[[ RECORDS SUPPLIED, beginning ]]
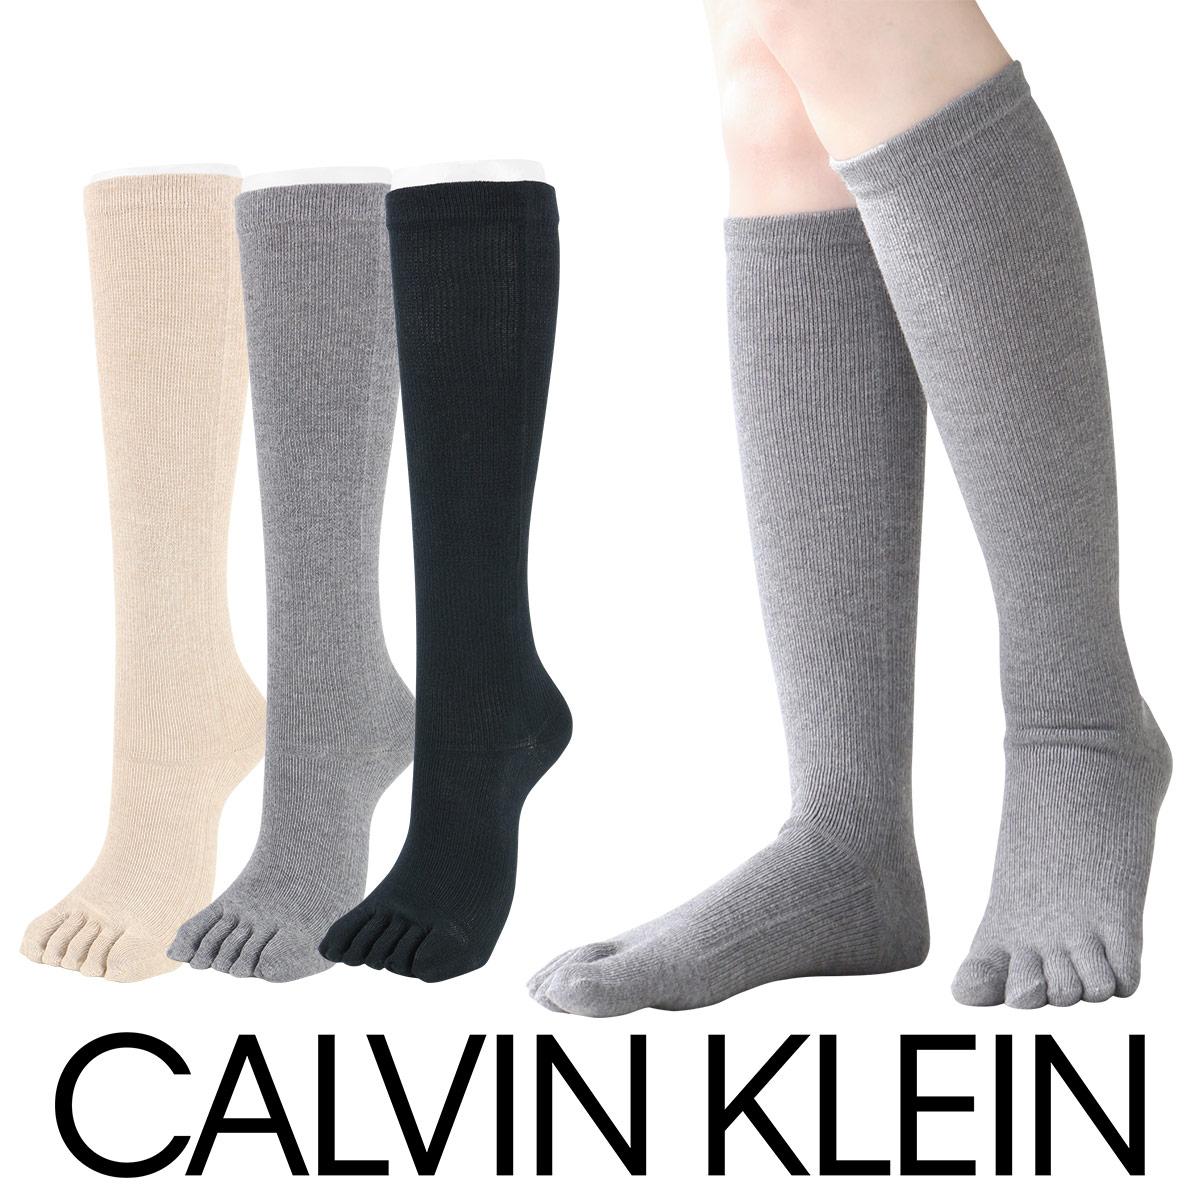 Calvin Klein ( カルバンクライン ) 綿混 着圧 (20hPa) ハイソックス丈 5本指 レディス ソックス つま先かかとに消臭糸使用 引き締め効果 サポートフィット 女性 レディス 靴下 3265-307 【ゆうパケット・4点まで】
[[ RECORDS SUPPLIED, end ]]
[[ RECORDS SUPPLIED, beginning ]]
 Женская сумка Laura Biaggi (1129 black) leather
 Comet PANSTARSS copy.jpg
[[ RECORDS SUPPLIED, end ]]
[[ RECORDS SUPPLIED, beginning ]]
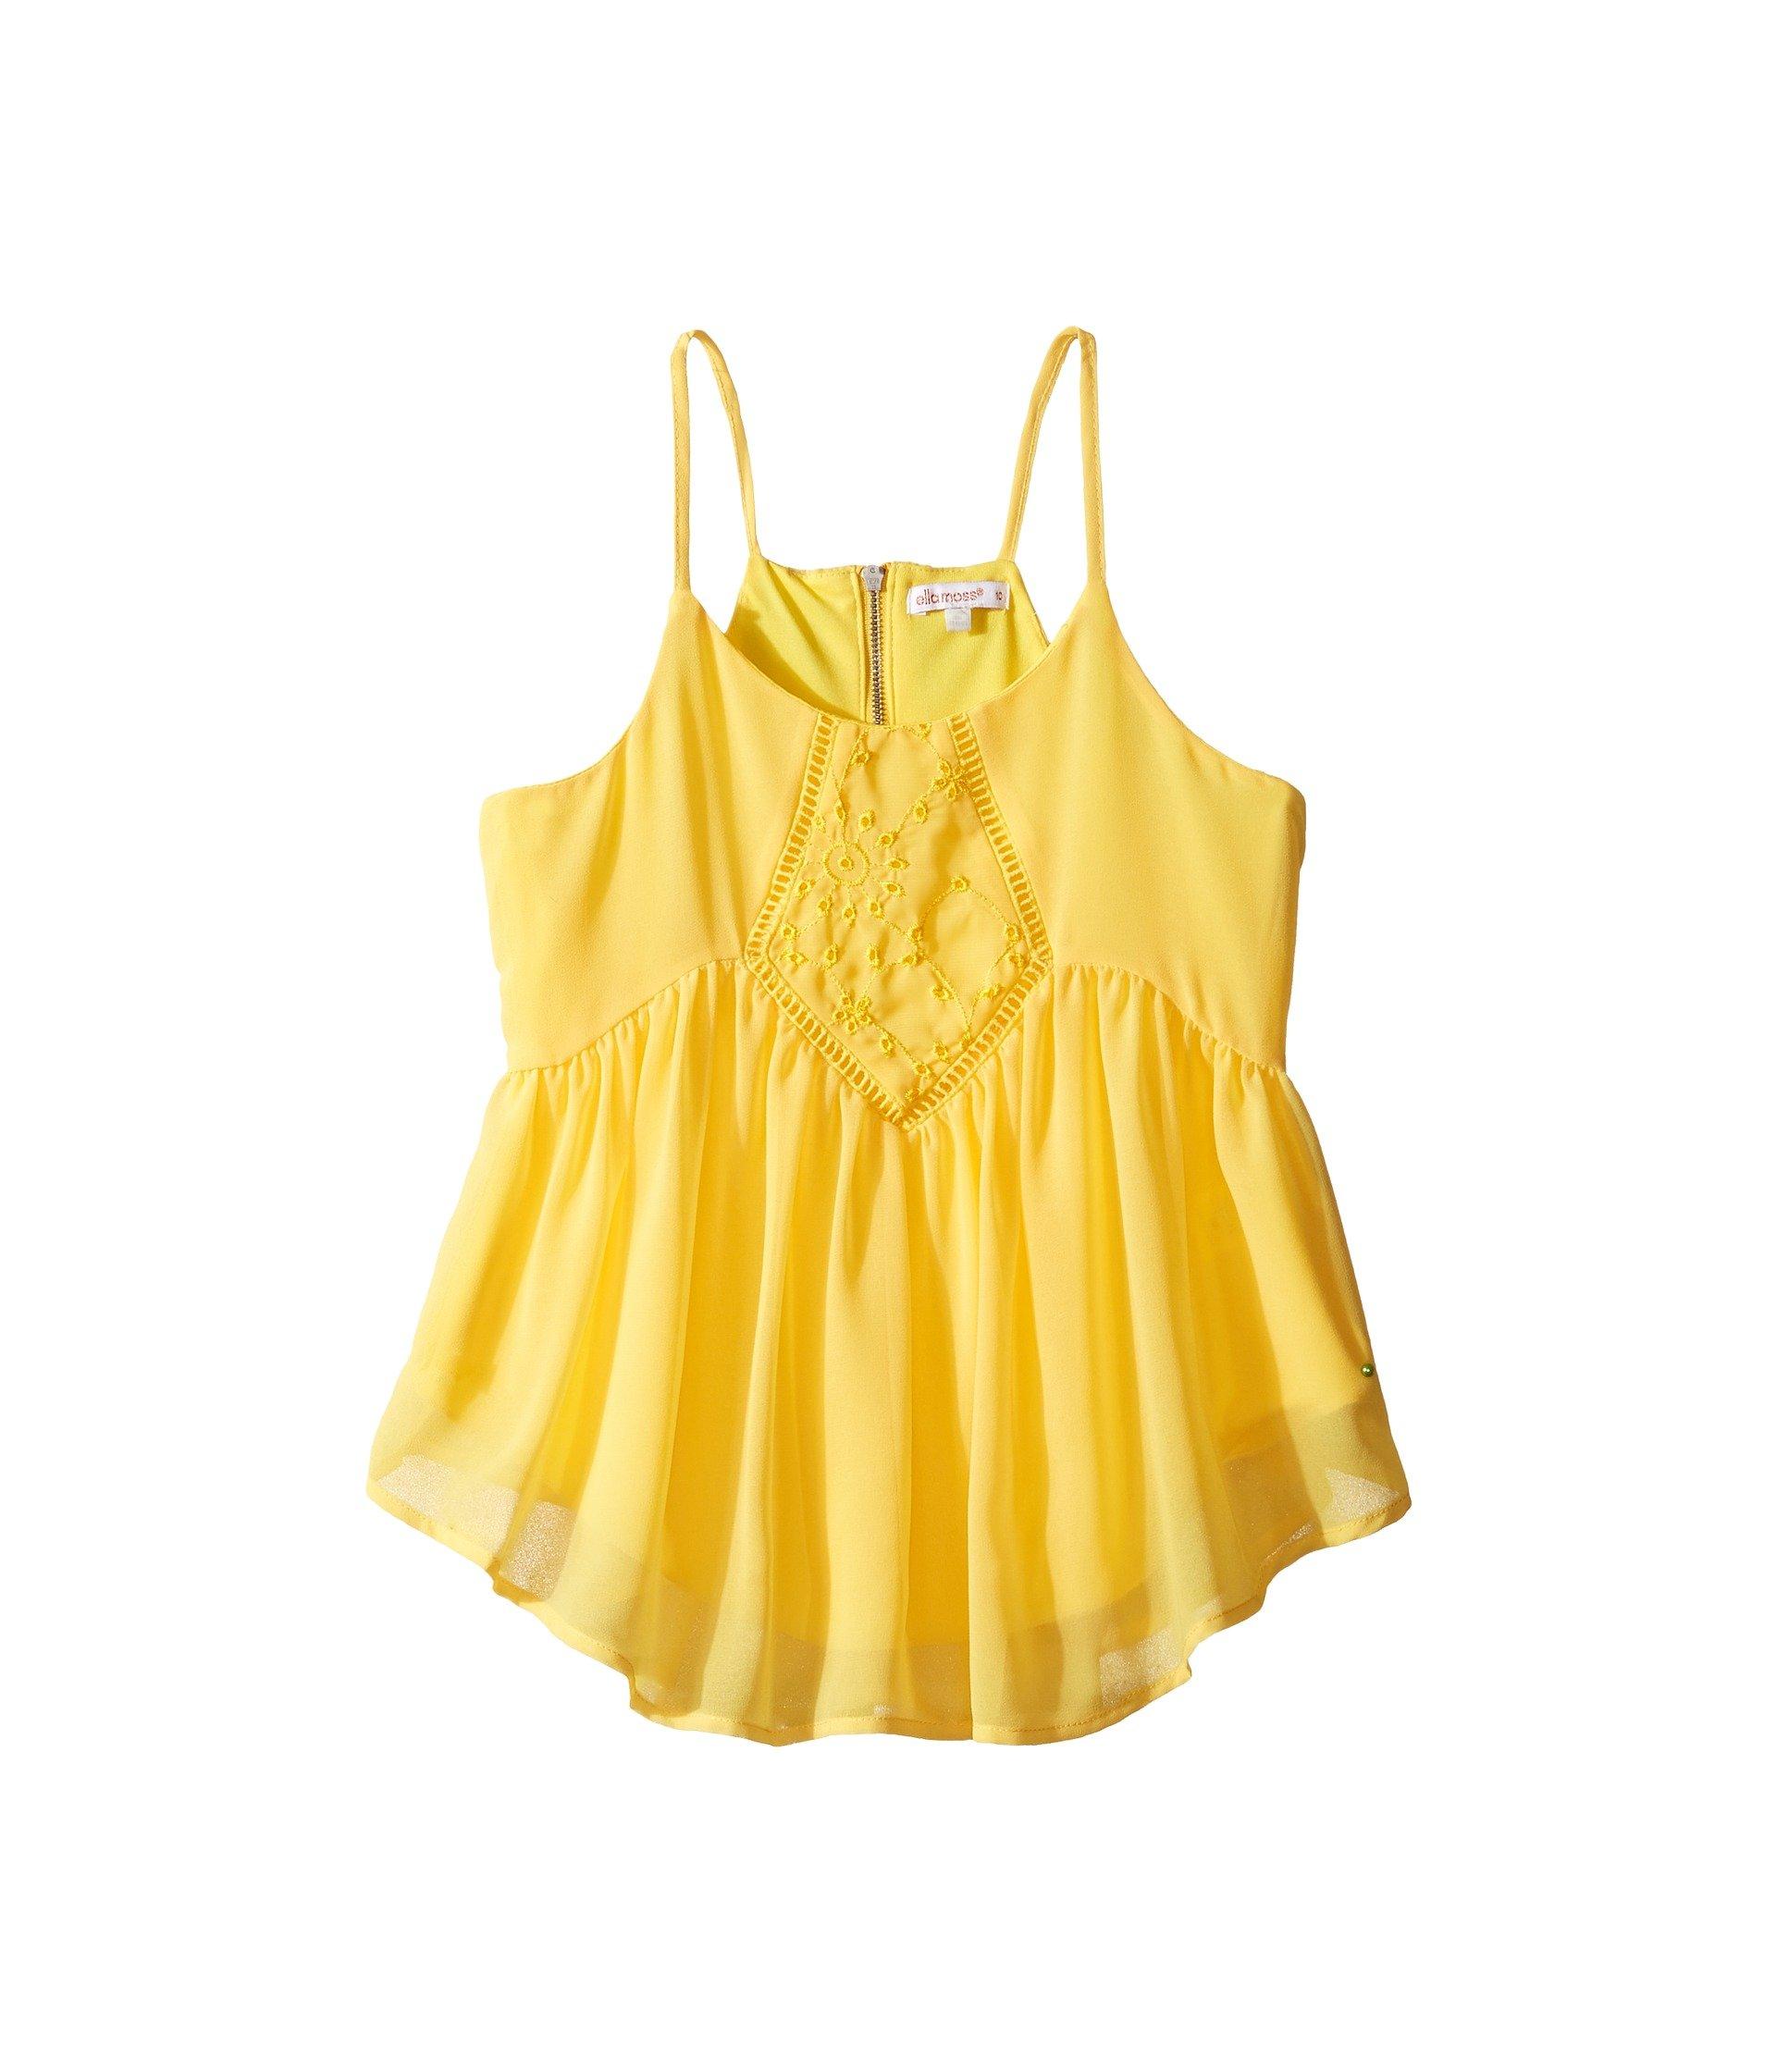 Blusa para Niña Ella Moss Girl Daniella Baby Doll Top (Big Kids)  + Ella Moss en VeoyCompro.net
[[ RECORDS SUPPLIED, end ]]
_WHAT THE EXERCISE ASKS_: Where the line holding "Женская сумка Laura" appears in the listing above, start reproducing exactly, and end with the line holding "Comet PANSTARSS copy.jpg".

_YOUR RESPONSE_:
 Женская сумка Laura Biaggi (1129 black) leather
 Comet PANSTARSS copy.jpg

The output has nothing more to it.